• Dataset records:
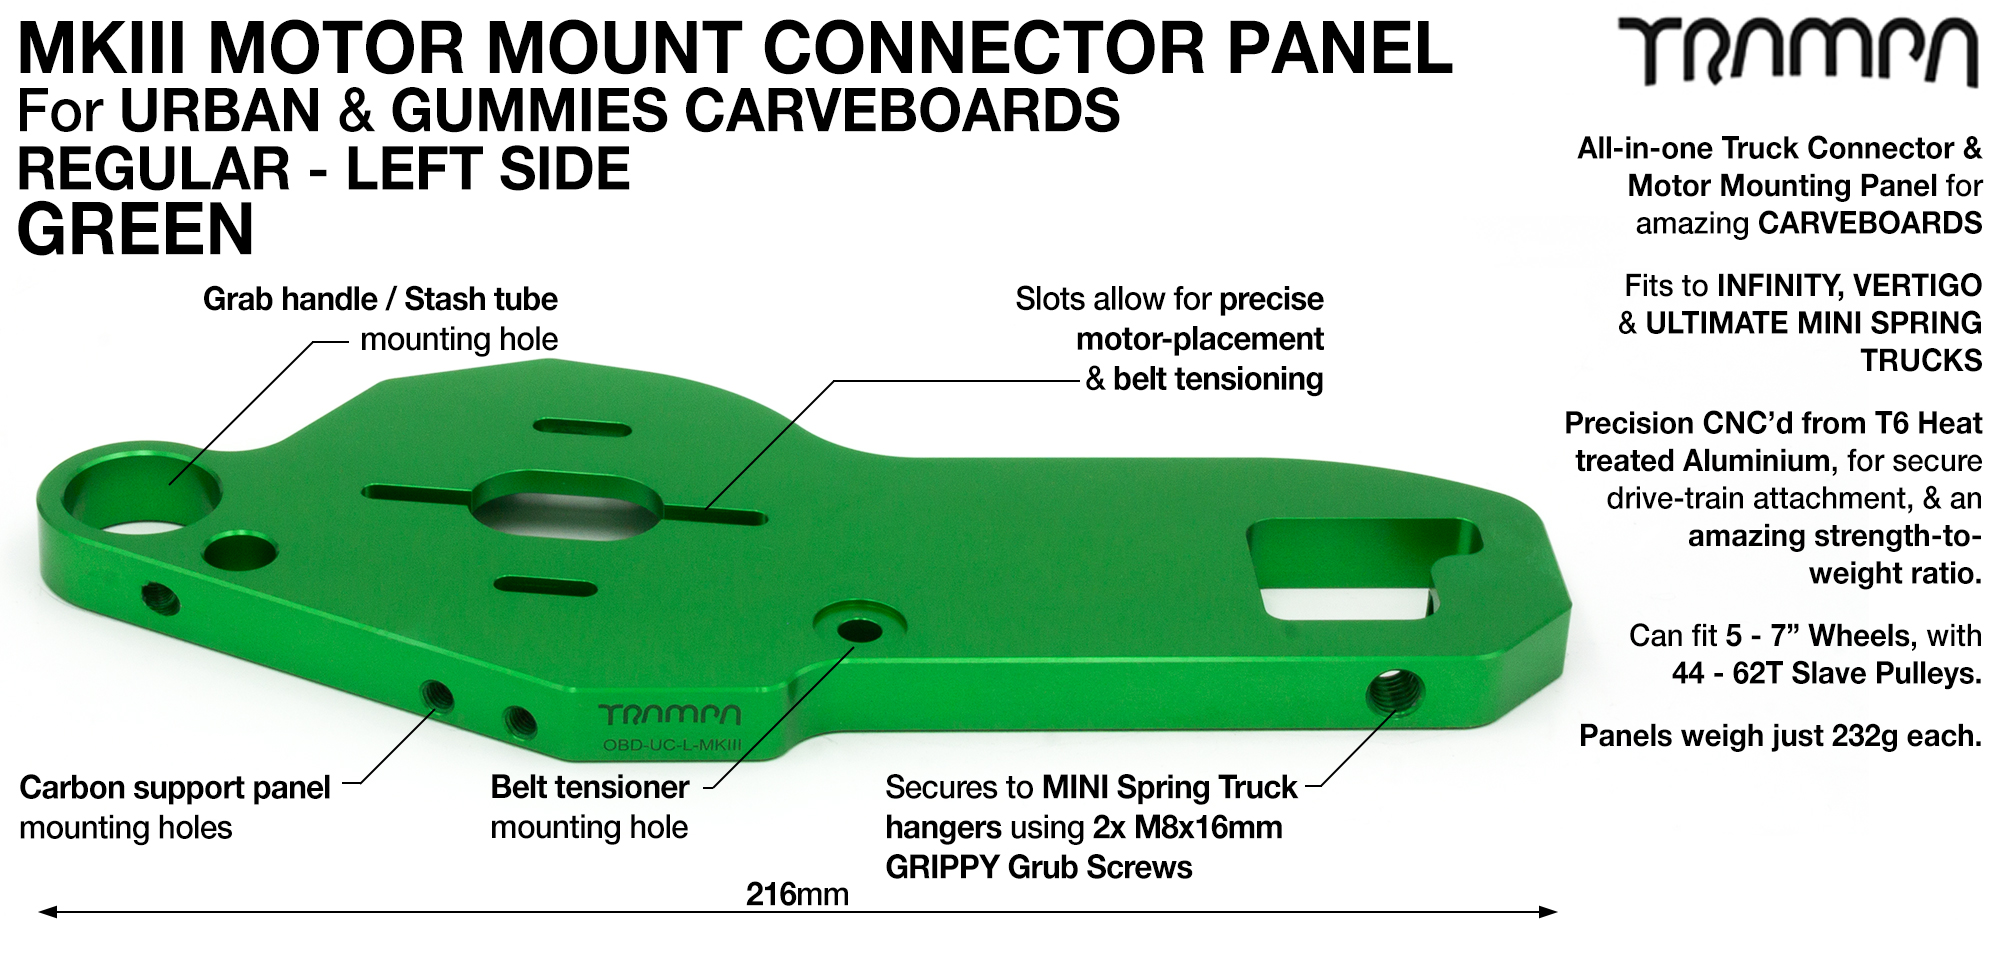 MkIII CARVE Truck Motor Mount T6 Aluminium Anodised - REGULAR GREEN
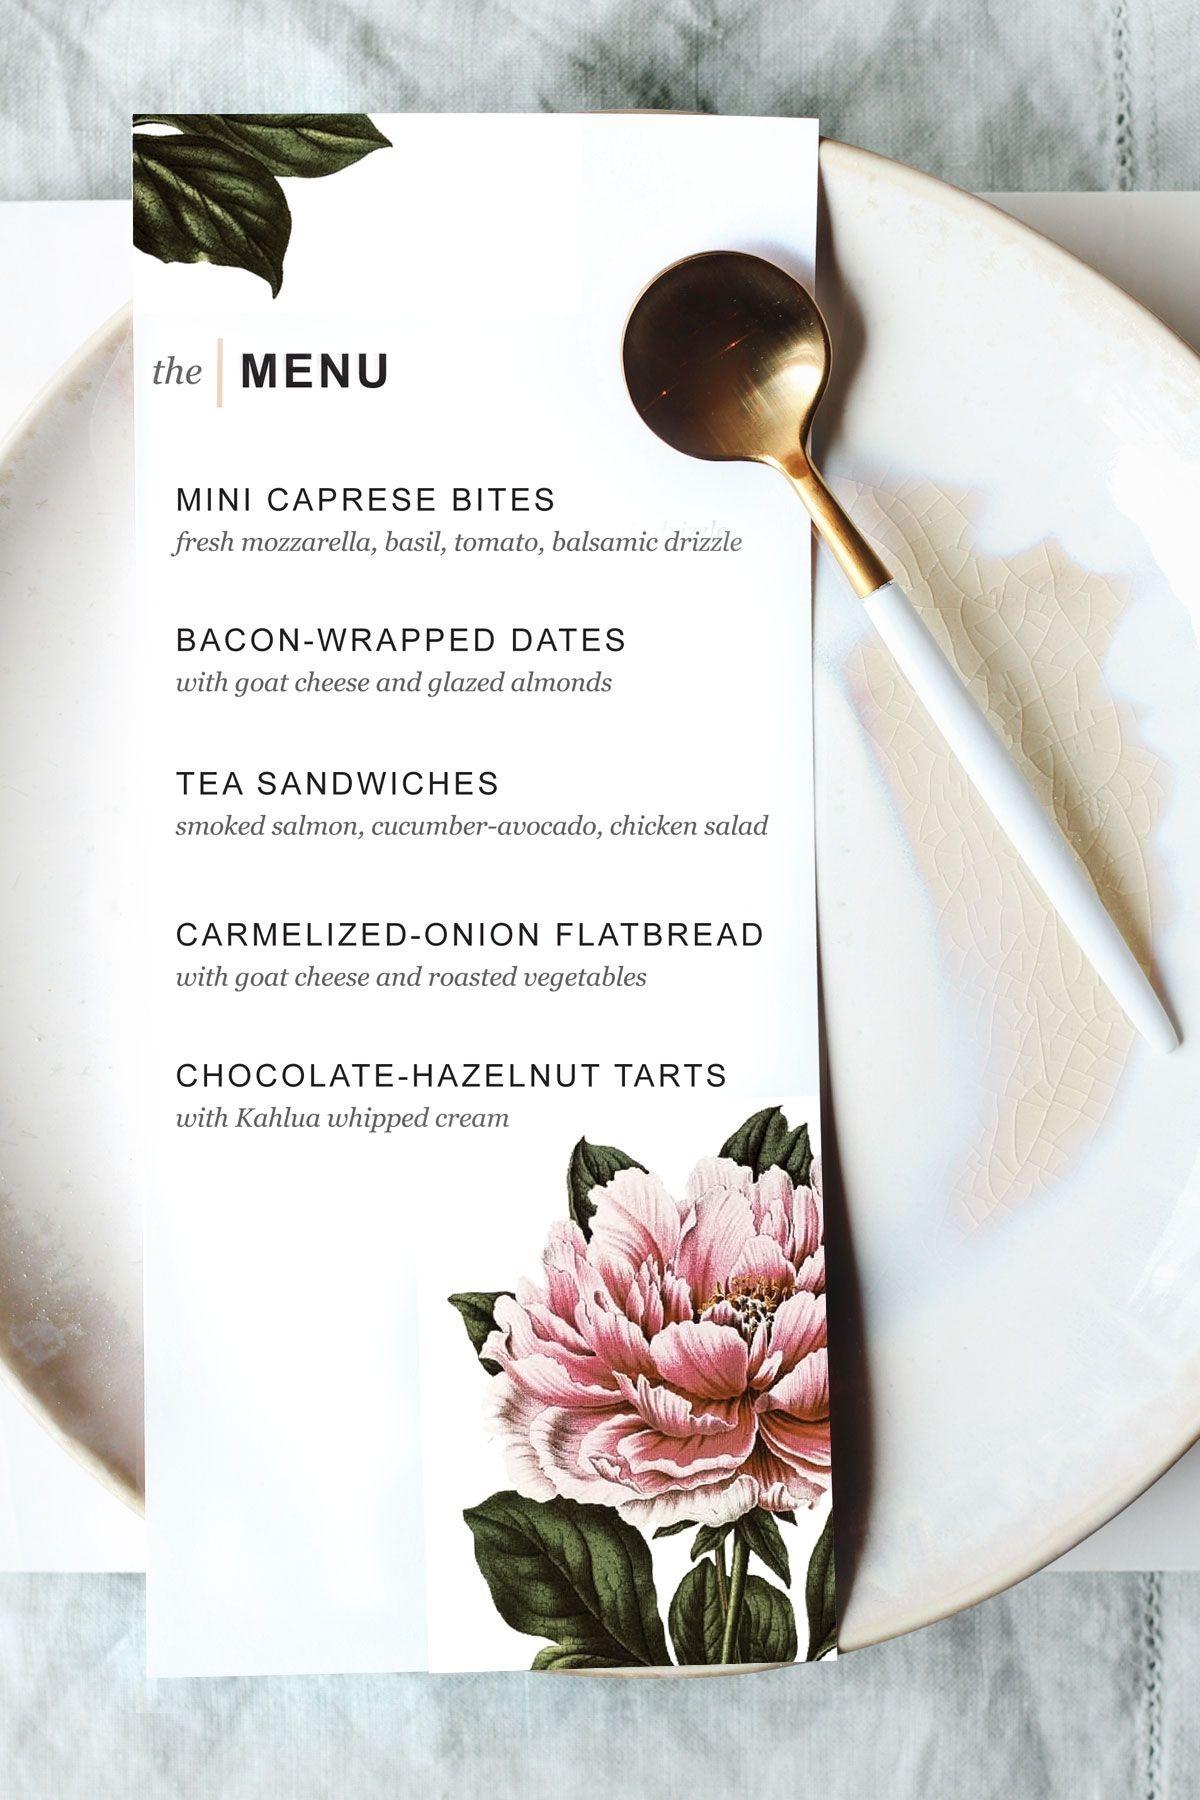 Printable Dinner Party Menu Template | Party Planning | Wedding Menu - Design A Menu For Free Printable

==

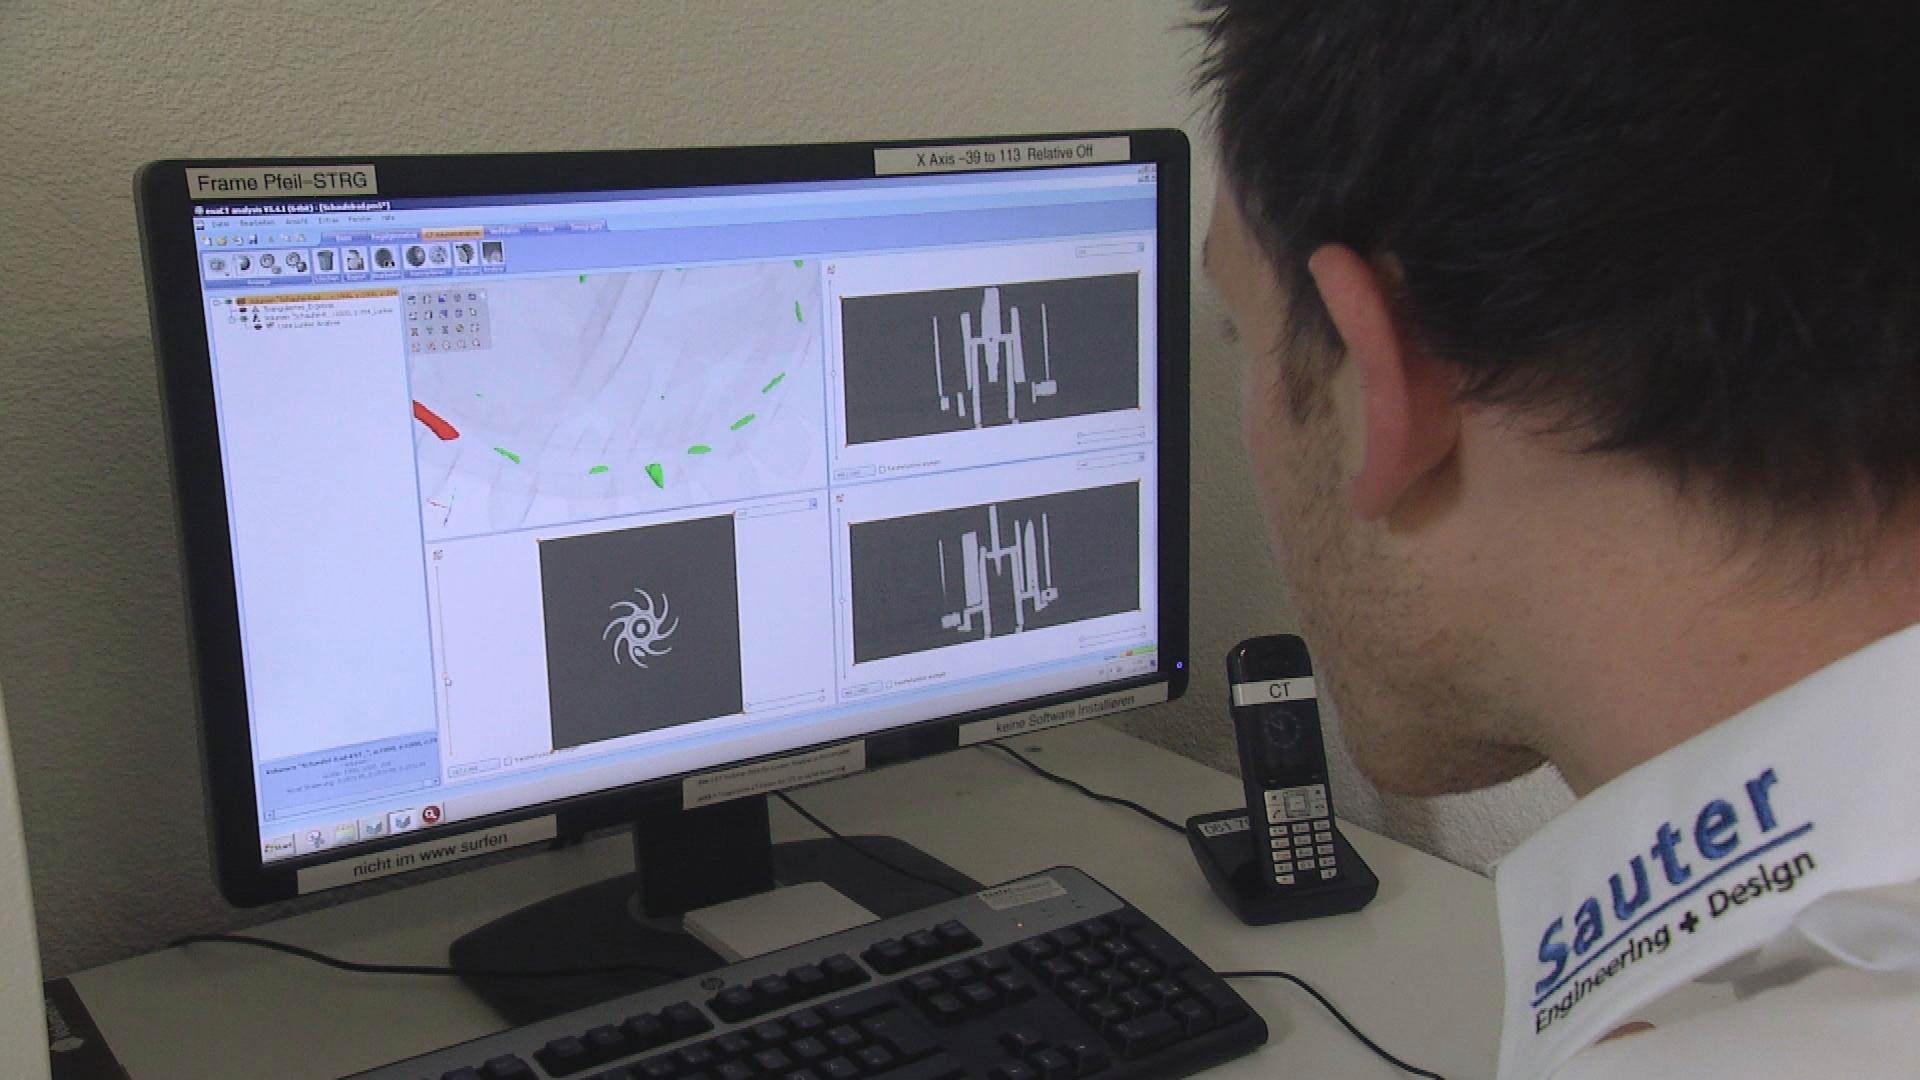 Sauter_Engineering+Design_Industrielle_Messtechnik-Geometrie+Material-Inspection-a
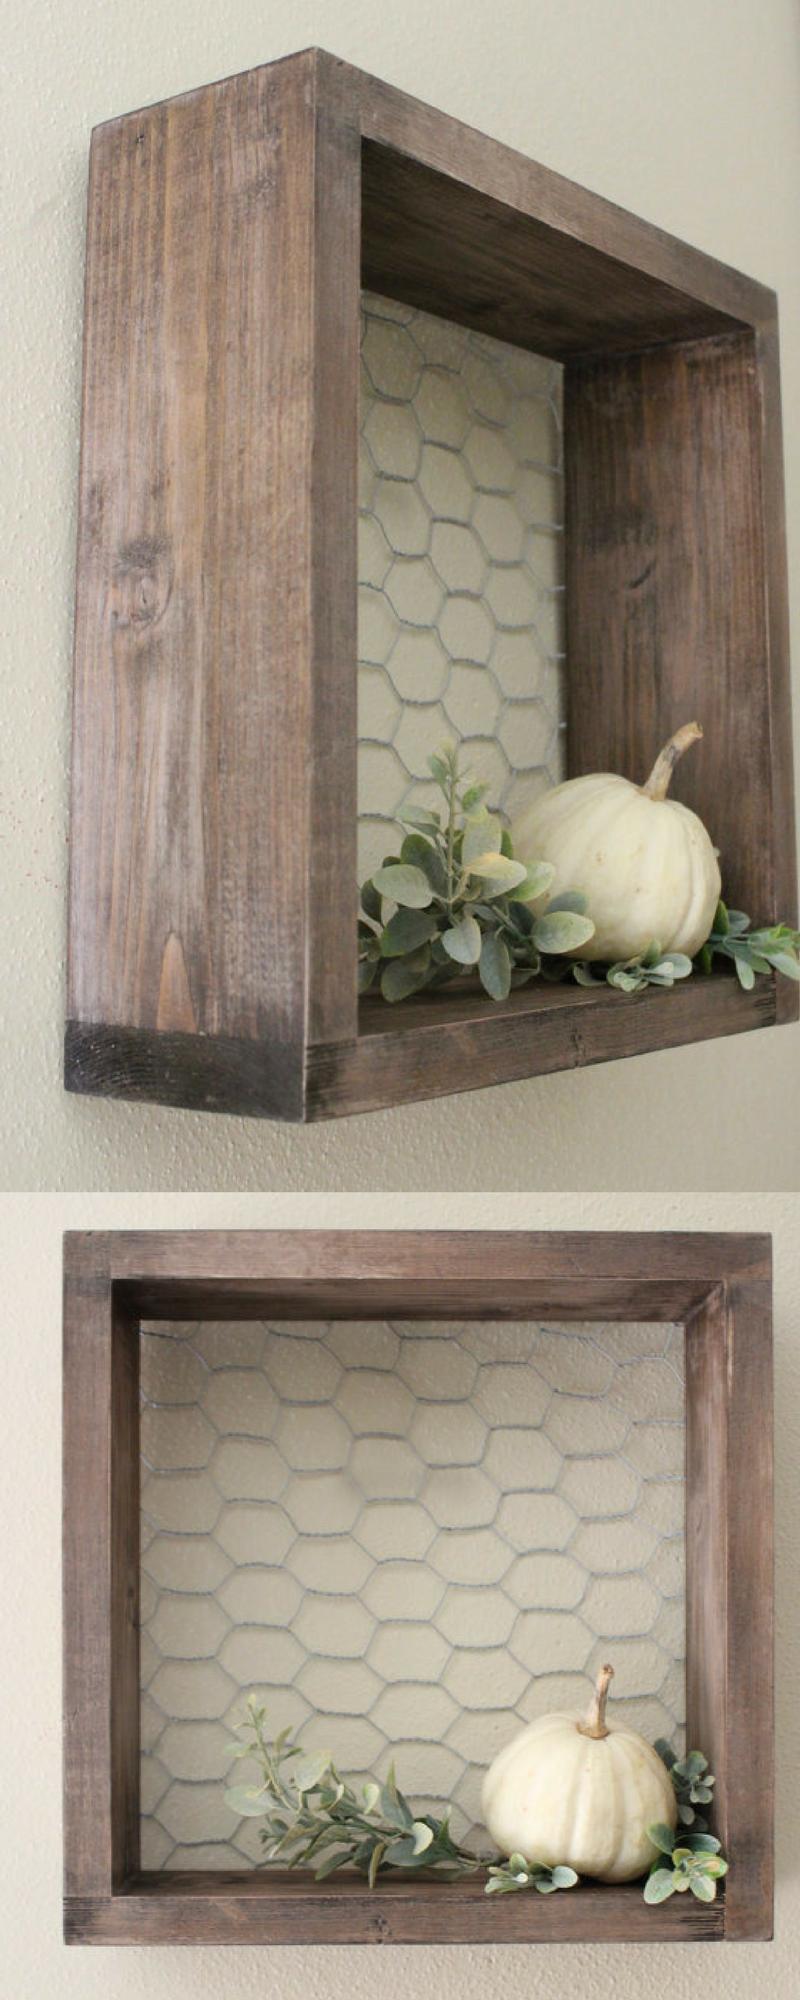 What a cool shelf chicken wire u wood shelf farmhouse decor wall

---

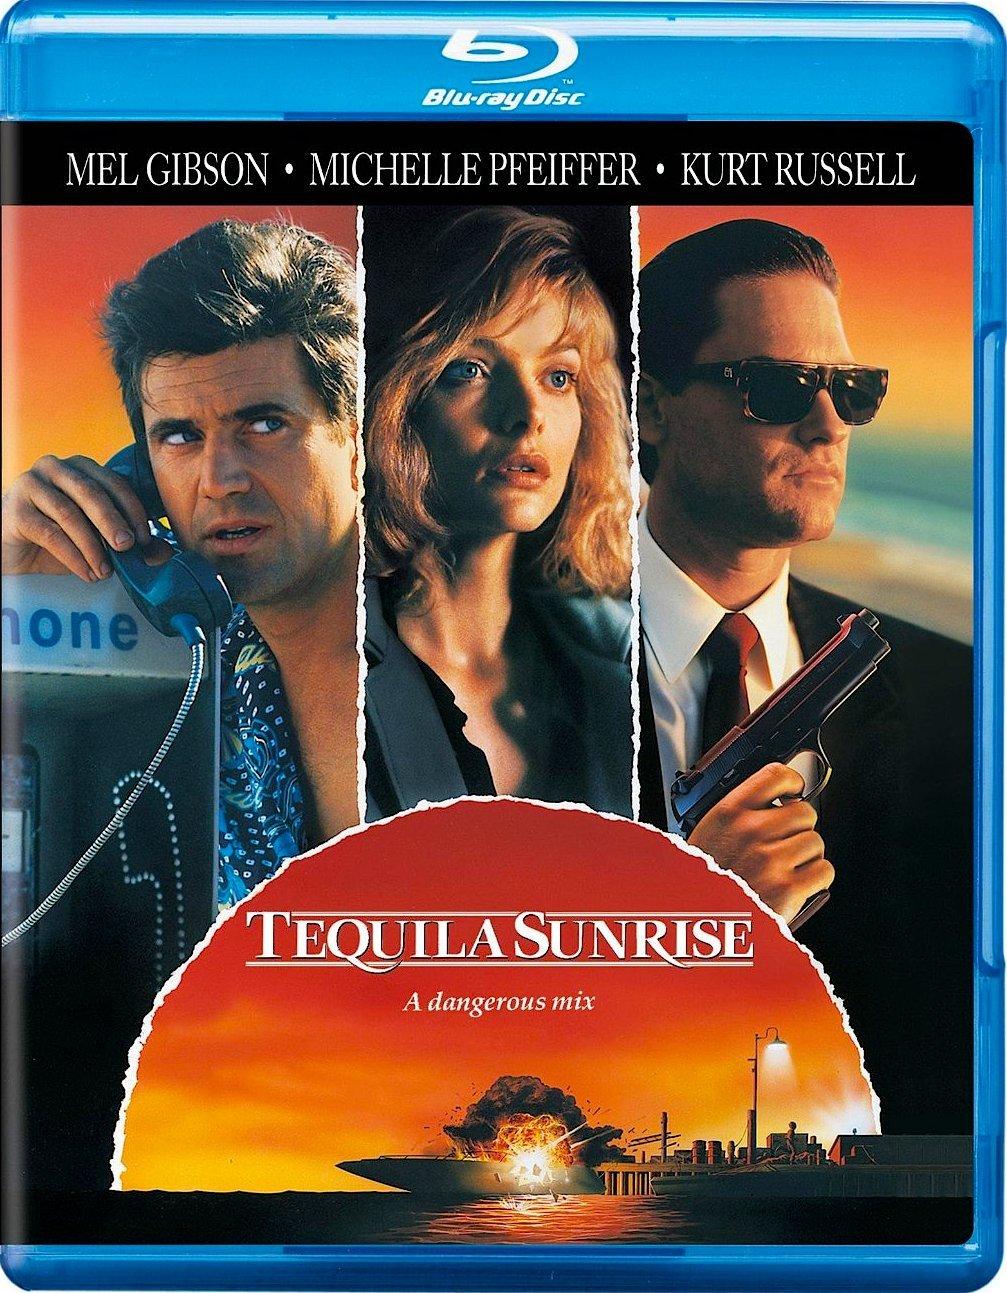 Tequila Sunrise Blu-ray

• Description of the task: Only the lines starting at the one with "MkIII CARVE Truck" and ending at the one with "Printable Dinner Party" should be printed, each exactly as it appears in the material above; the pictures are to be omitted.

• Completed task:
 MkIII CARVE Truck Motor Mount T6 Aluminium Anodised - REGULAR GREEN
 Printable Dinner Party Menu Template | Party Planning | Wedding Menu - Design A Menu For Free Printable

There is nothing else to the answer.